Start with administrative litigation, which usually involves private citizens suing government officials. Last year courts agreed to hear 330,000 such cases, more than double the total in 2013—the first full year of Mr Xi’s rule (see chart). Many of these involve disputes over land and housing, the most frequent sources of conflict between ordinary people and the state. Other common cases relate to pension benefits, compensation for workplace injuries and traffic tickets. Benjamin Liebman of Columbia Law School says that suing the government over such matters is becoming routine in China.

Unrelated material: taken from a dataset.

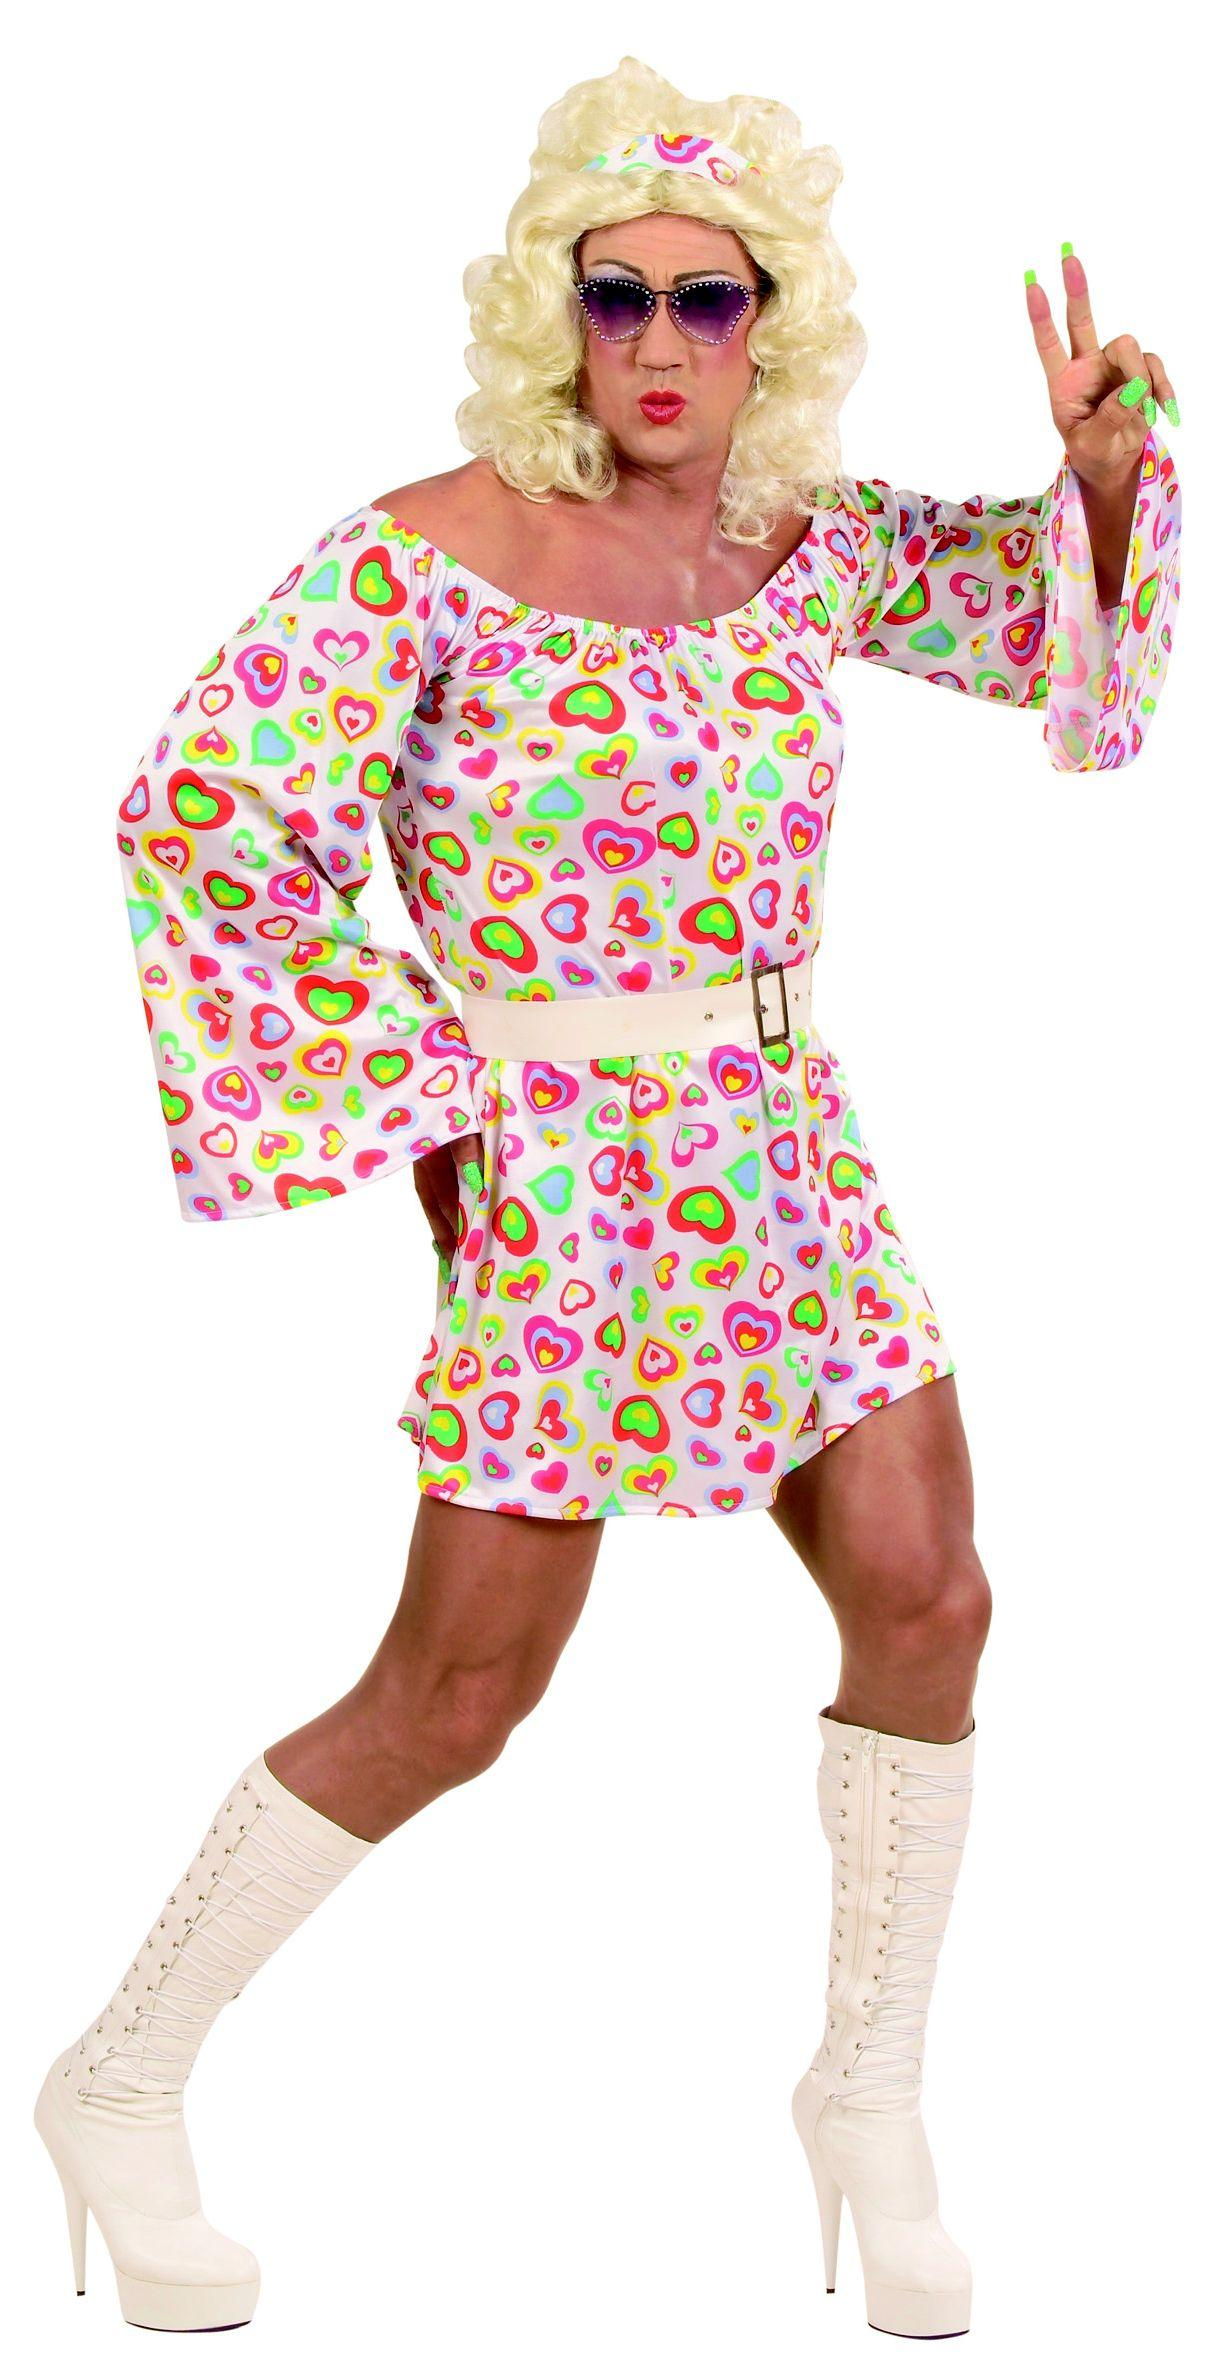 Disfraz de hippie anos 60 para mujer 29 99 gastos de envio for Disfraz de hippie

There have also been notable improvements in the arena of commercial law. Last year Chinese courts began hearings in 152,000 intellectual-property disputes, up nearly tenfold over the past decade. The explosive growth in IP cases has been fuelled by the growing litigiousness of domestic companies, which have more to protect as they become more innovative. But foreign companies are also benefiting. In August a court ordered three Chinese firms to pay 10m yuan ($1.5m) in damages to New Balance, an American footwear company. It was one of the largest trademark-related awards ever made by a Chinese court.

And don’t be overly depressed by the rise of right-wing authoritarianism.  At the global level, things are still getting much better.  This article discusses the dramatic rise in fish farming in Bangladesh, as well as fast rising chicken production in Nigeria.  The bottom line is that the great mass of humanity is seeing a dramatic increase in living standards:

However much farmers struggle with the consequences of their success, it is a far nicer problem than the one they used to grapple with. Walking down a market street, Mr Haque dips his hand into a sack of maize and a sack of rice. The grains will be bought by farmers, who will grind them into pellets for fish and cattle. “Twenty-five years ago, people were starving for want of this,” he says, marvelling. “Now we feed it to animals.”

If you are depressed about the world, that’s a reflection of you, not the world.